**Work instructions:**
Whenever a picture appears, leave it out while repeating all the other data exactly.

**Data shown:**

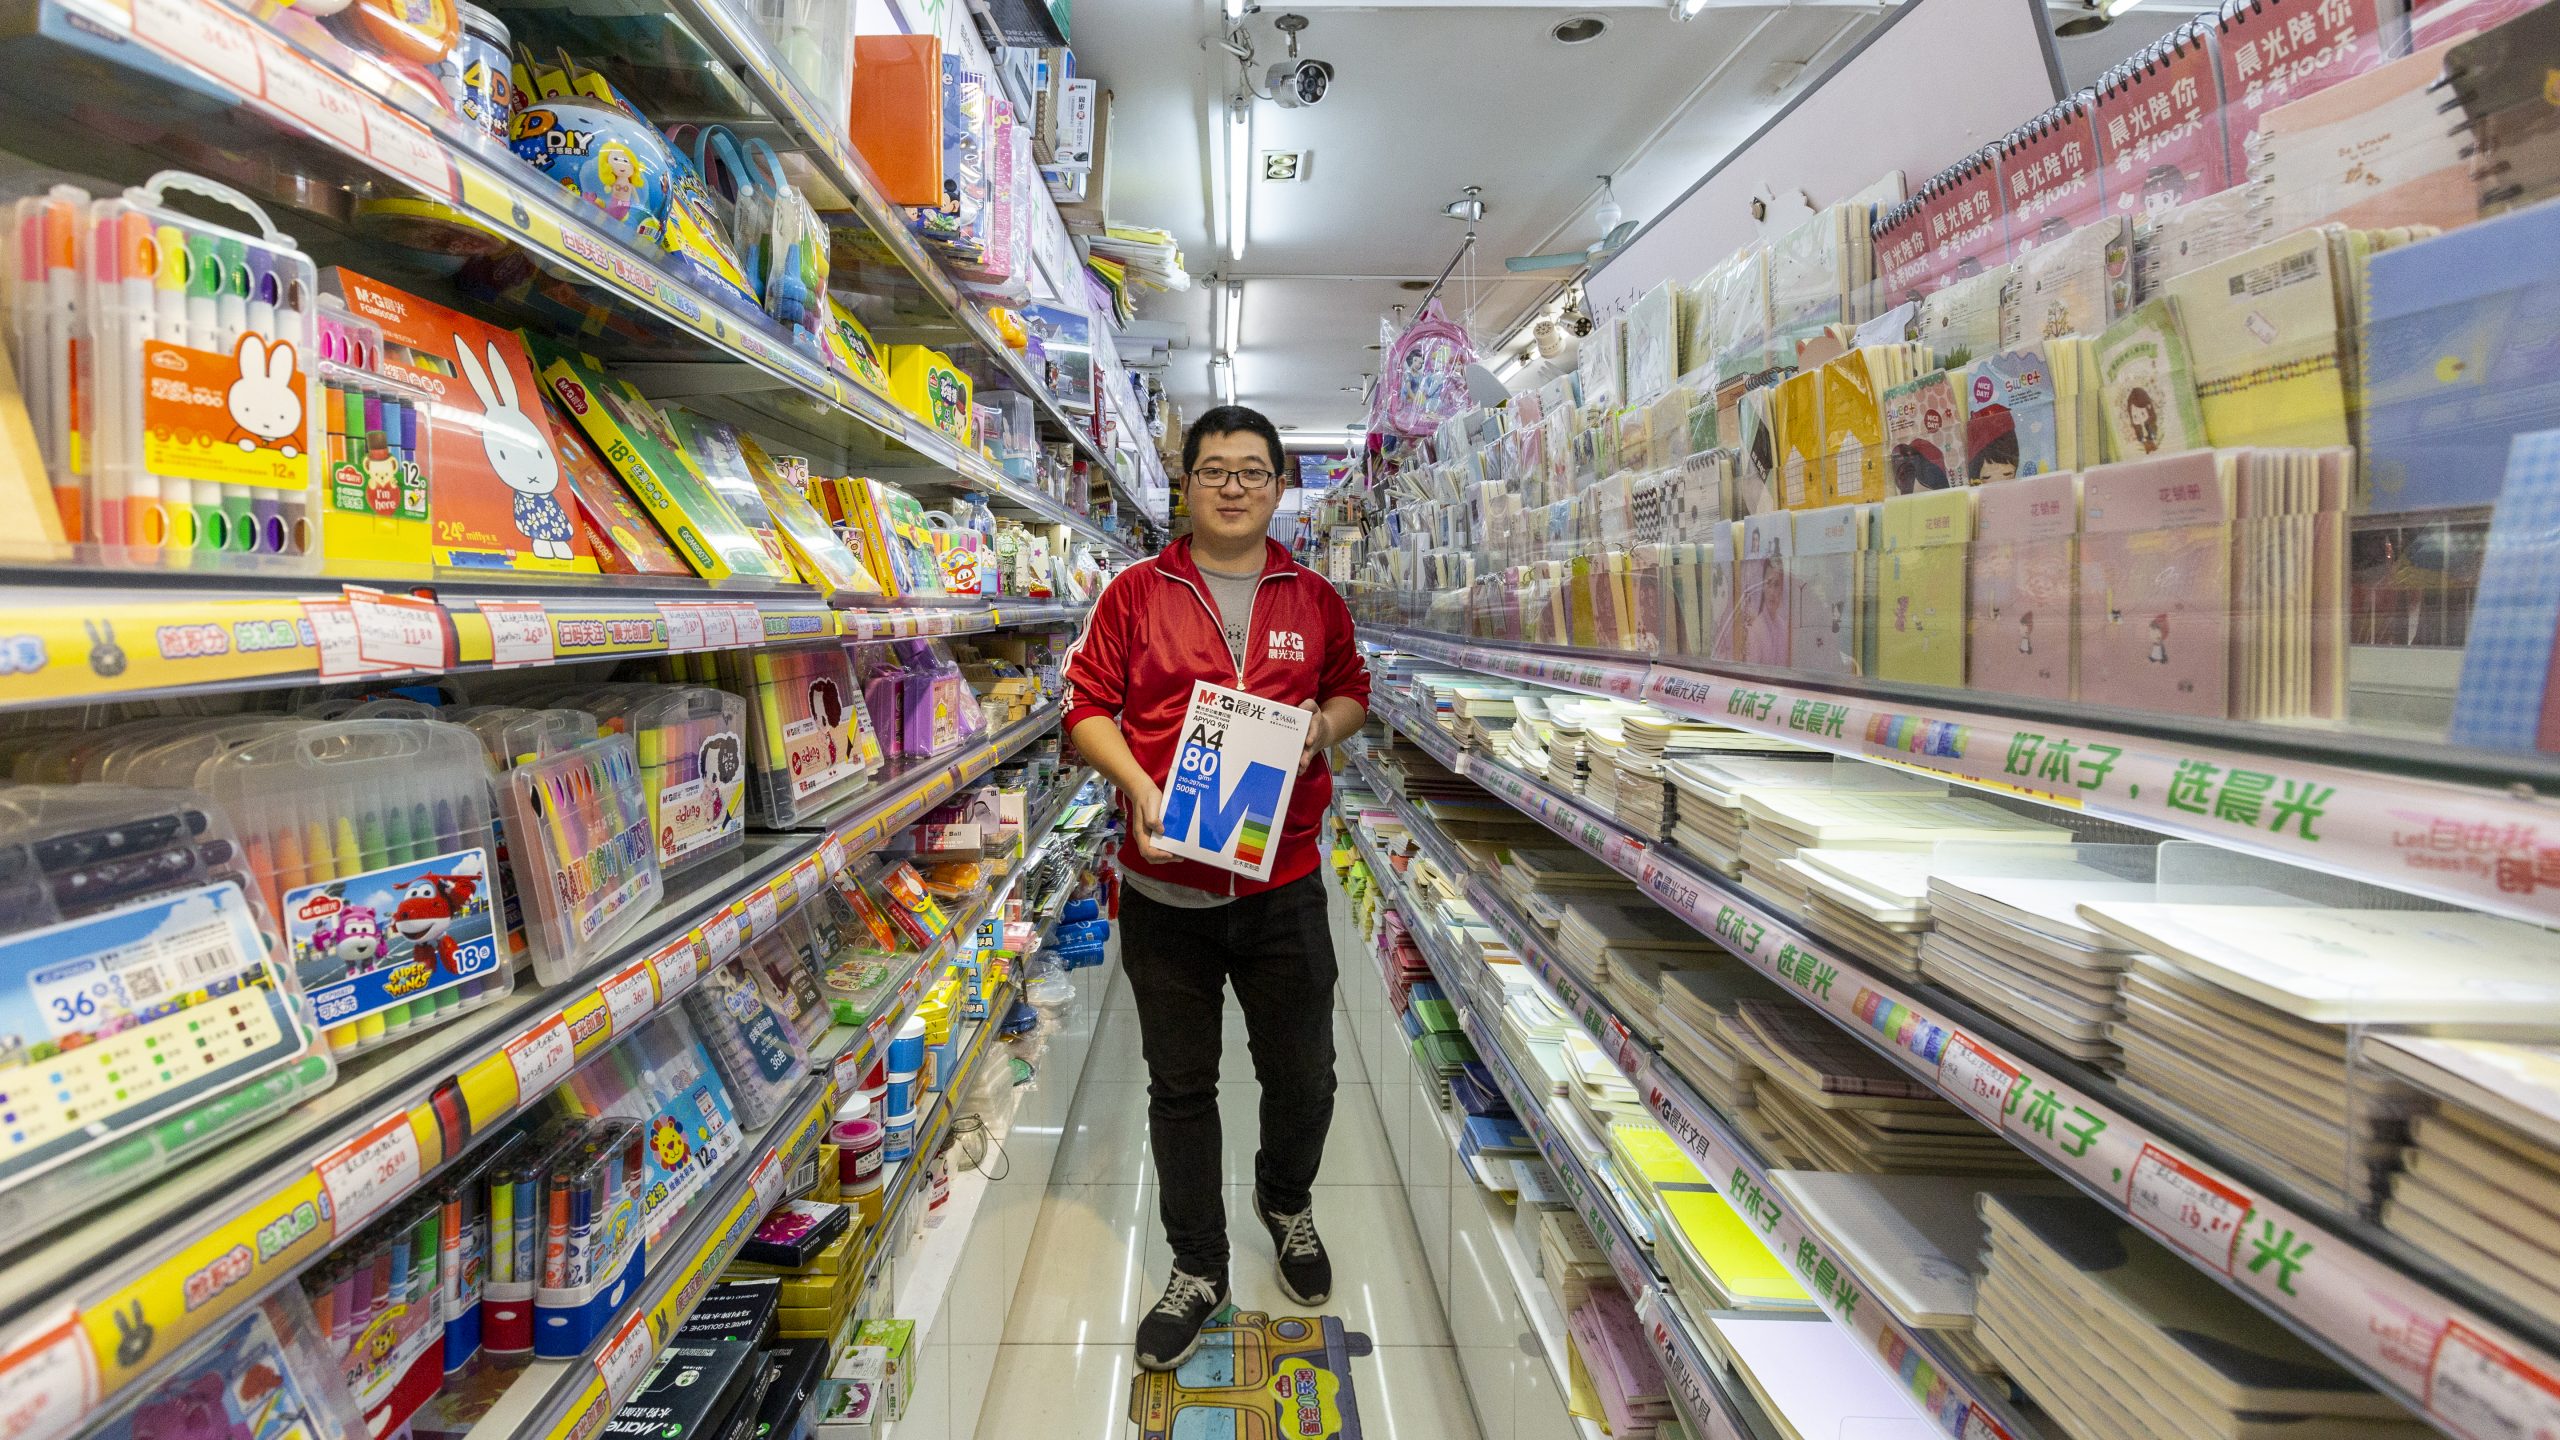 Salesperson displaying copy paper in a stationary store in Shanghai - photo by photographer Tuomas Harjumaaskola, China
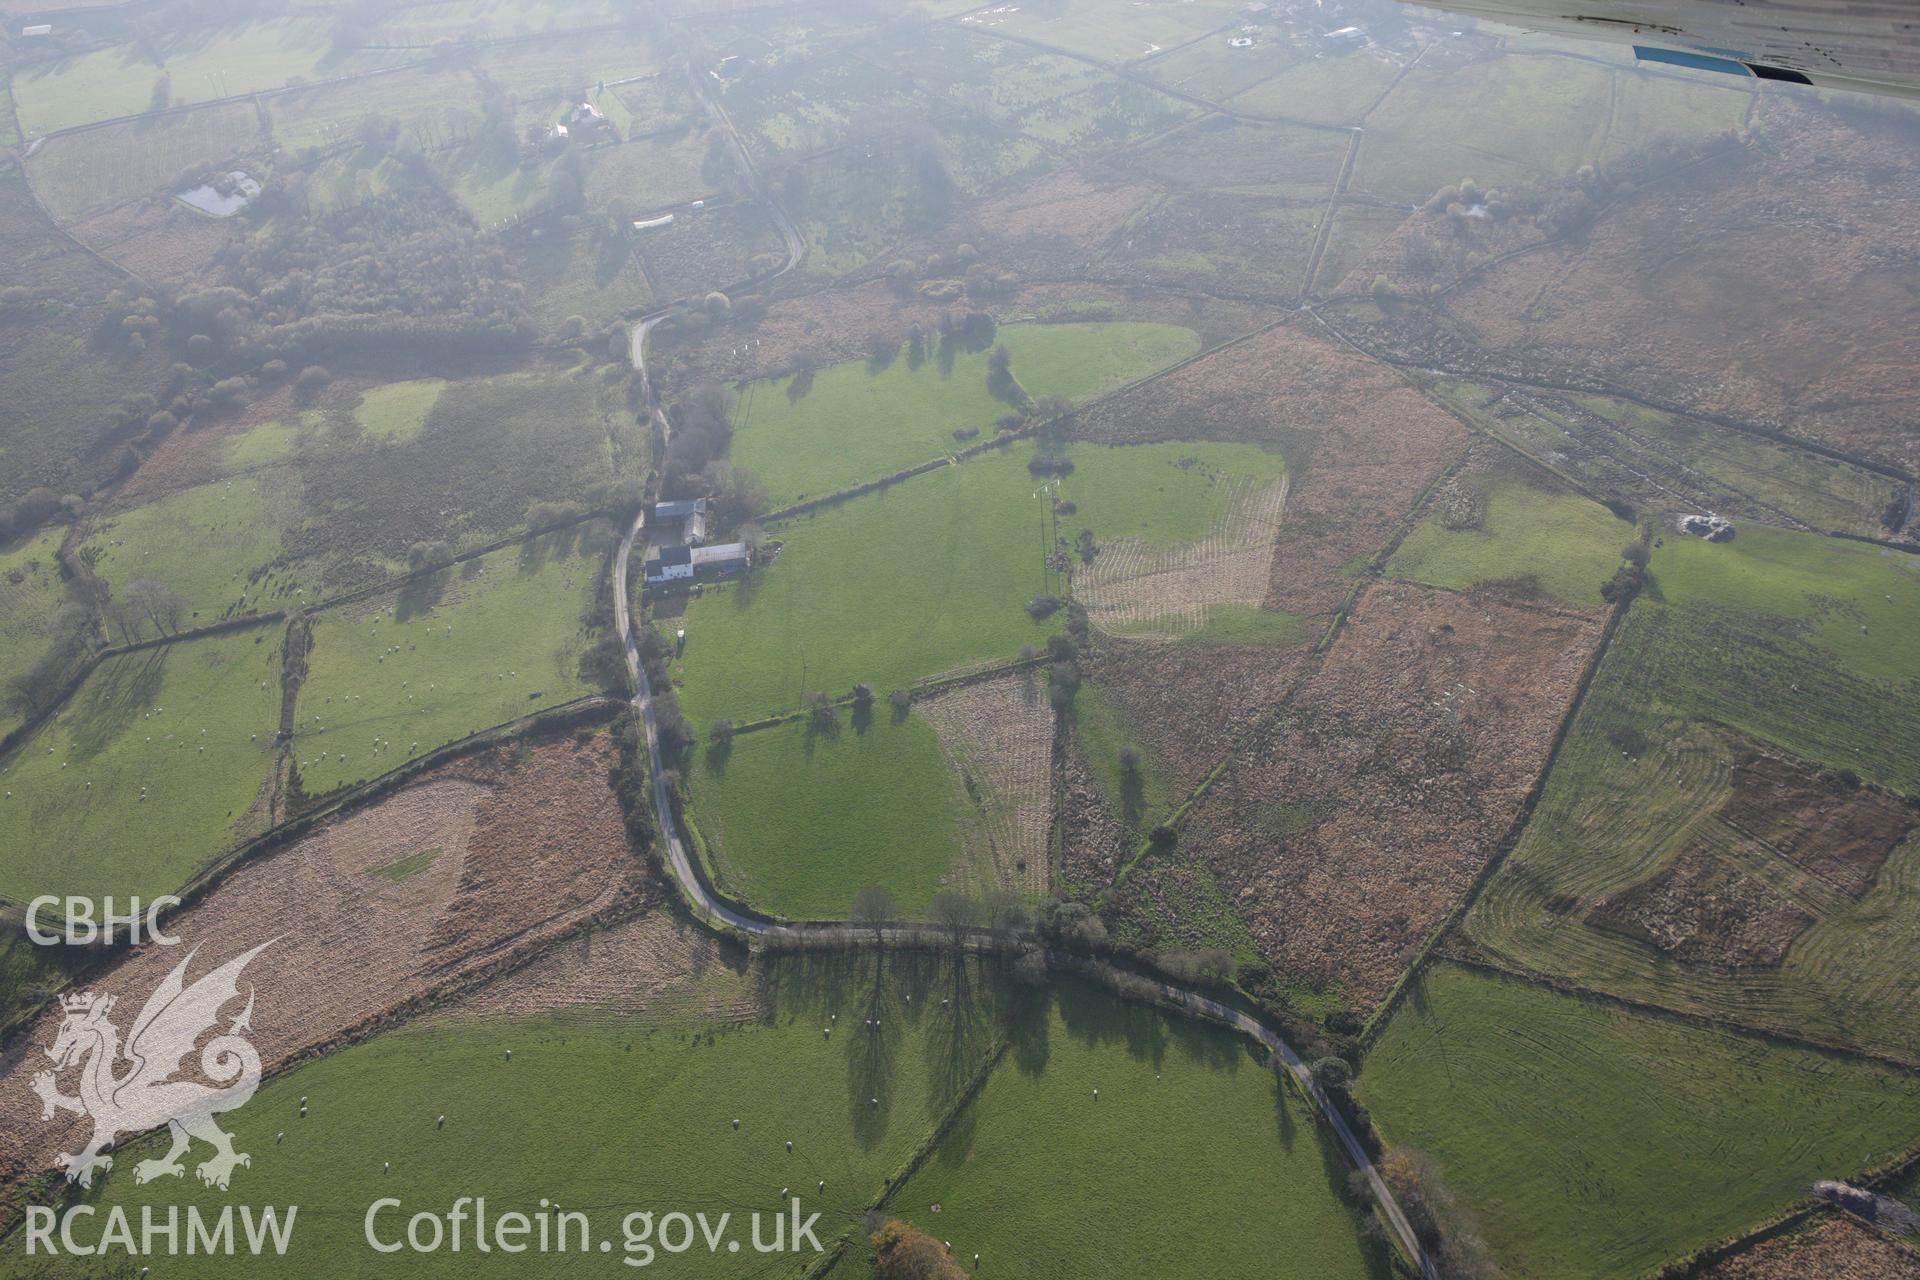 RCAHMW colour oblique aerial photograph of Sarn Helen Roman Road section at Rhyd Fudr. Taken on 09 November 2009 by Toby Driver
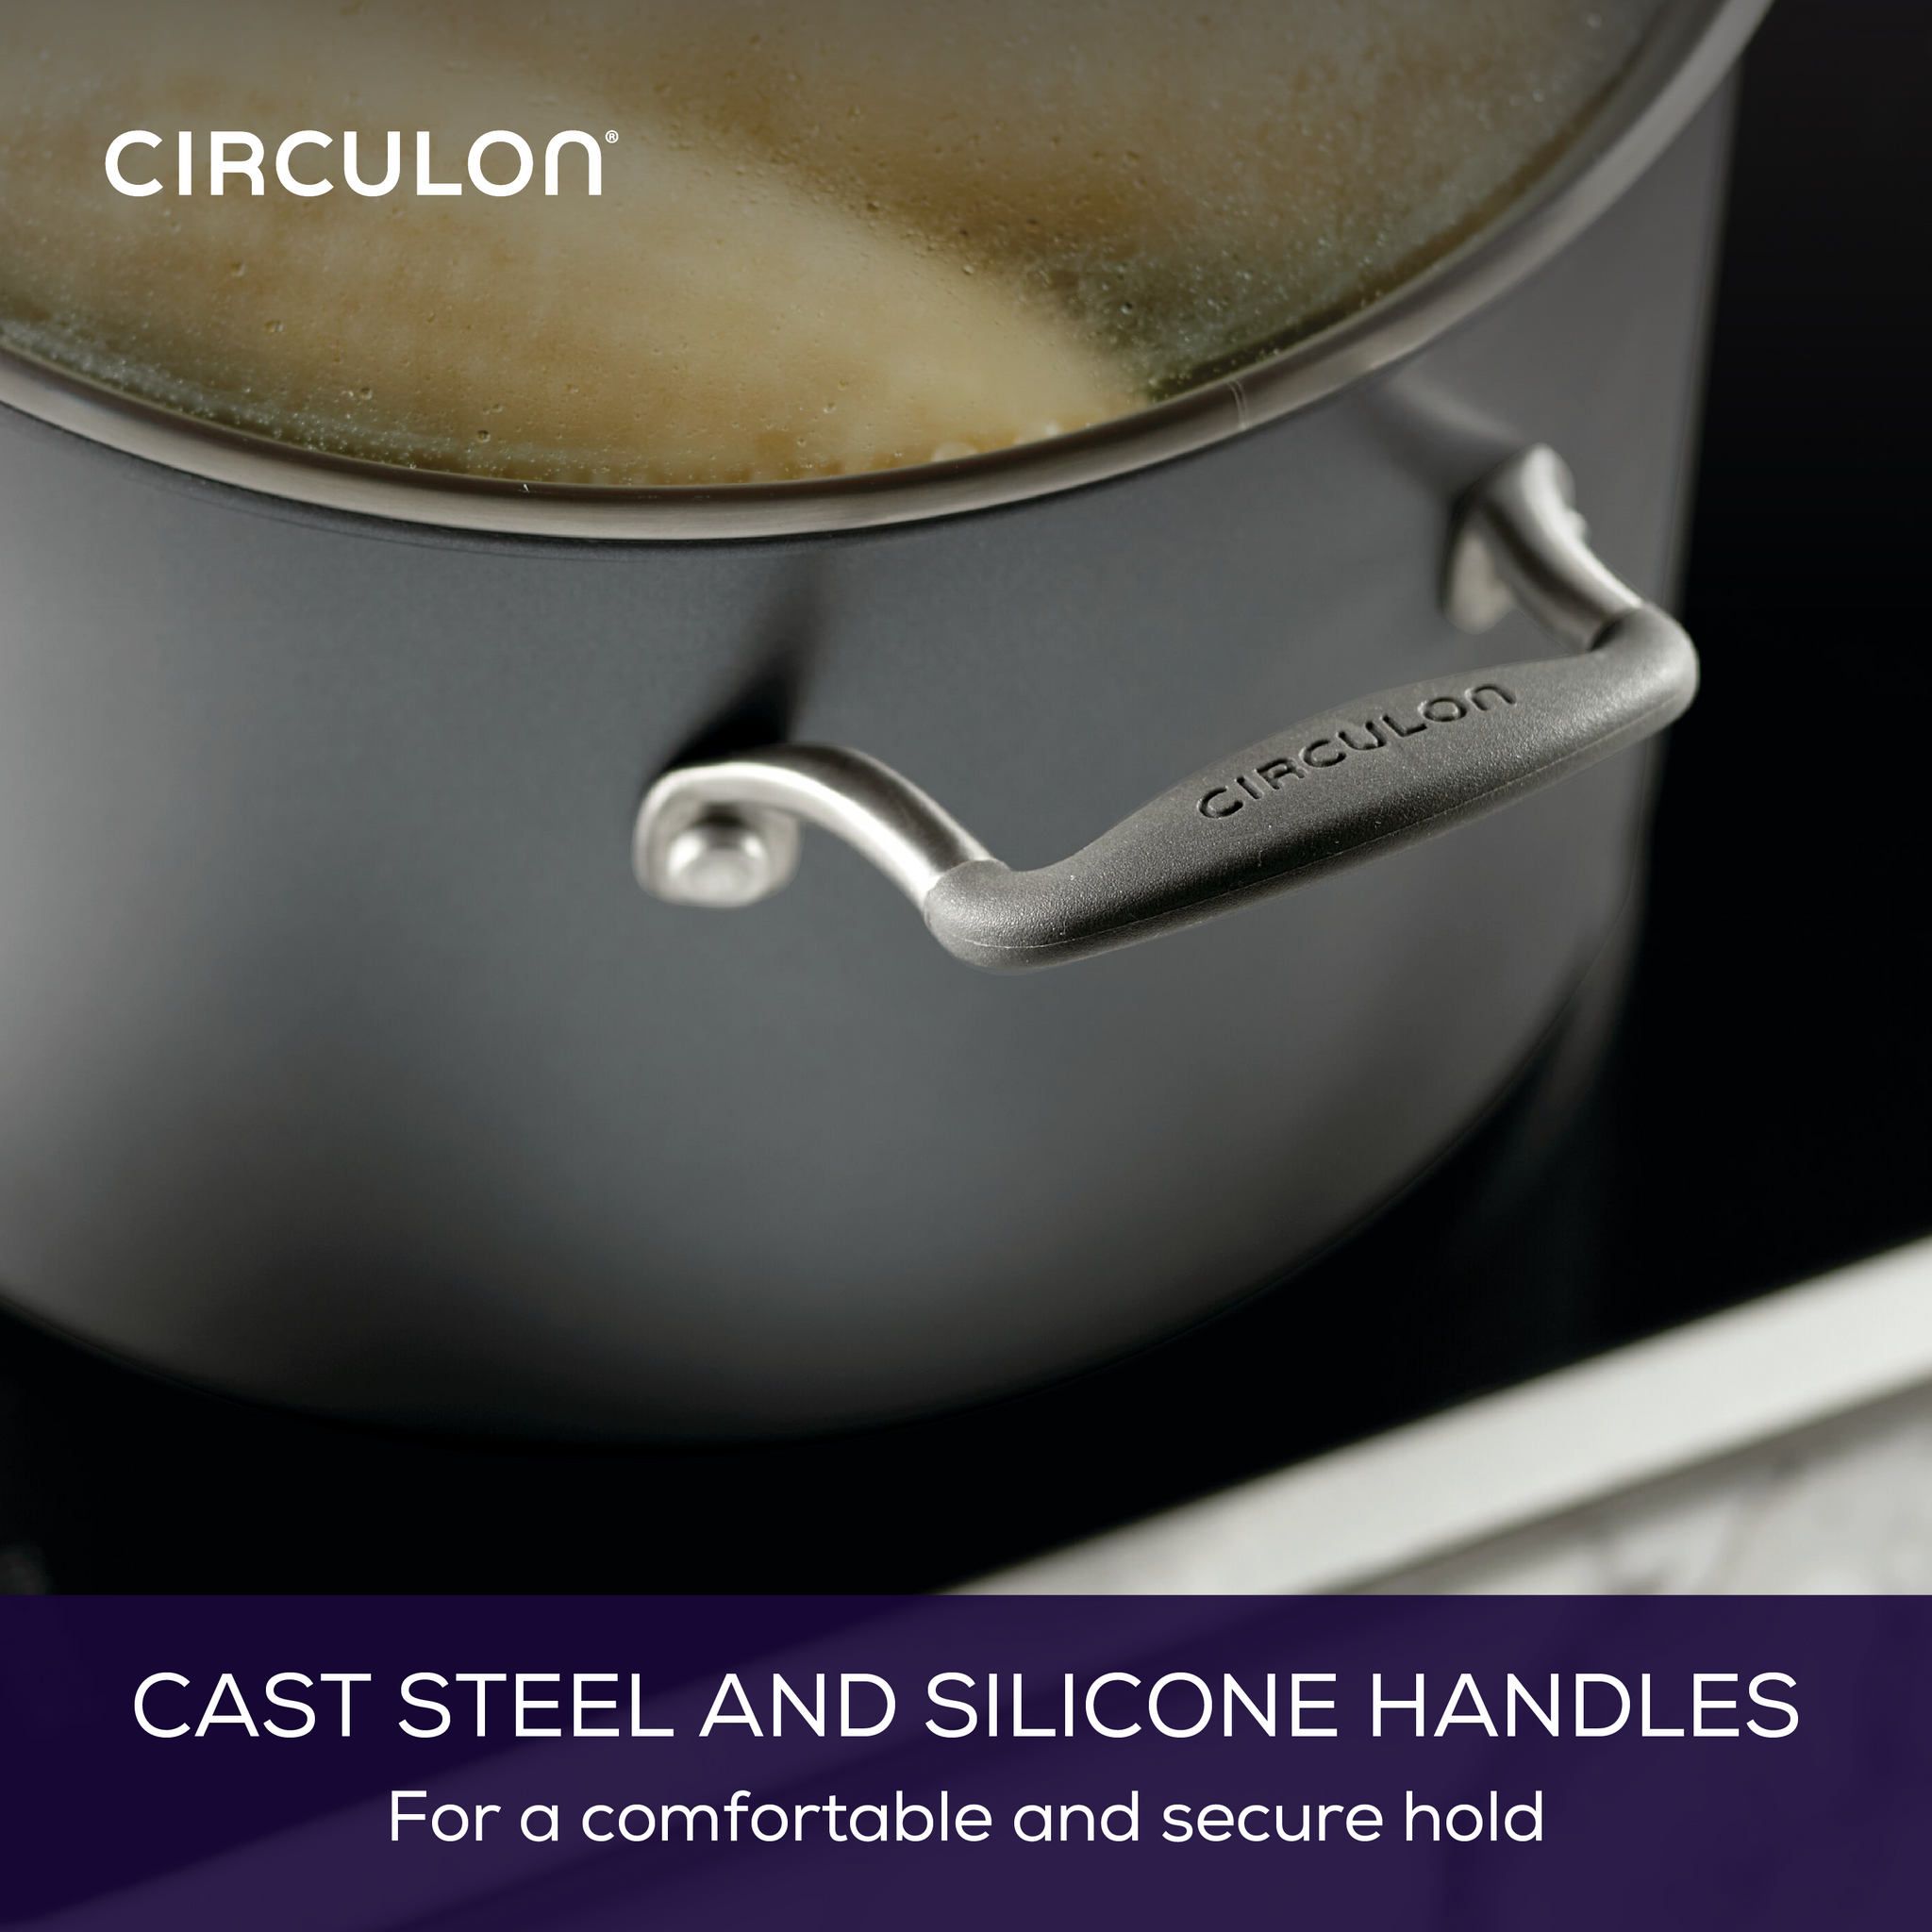 Create With Mom: Cooking on Circulon Pans

**Response area:**
 Salesperson displaying copy paper in a stationary store in Shanghai - photo by photographer Tuomas Harjumaaskola, China
 RCAHMW colour oblique aerial photograph of Sarn Helen Roman Road section at Rhyd Fudr. Taken on 09 November 2009 by Toby Driver
 Create With Mom: Cooking on Circulon Pans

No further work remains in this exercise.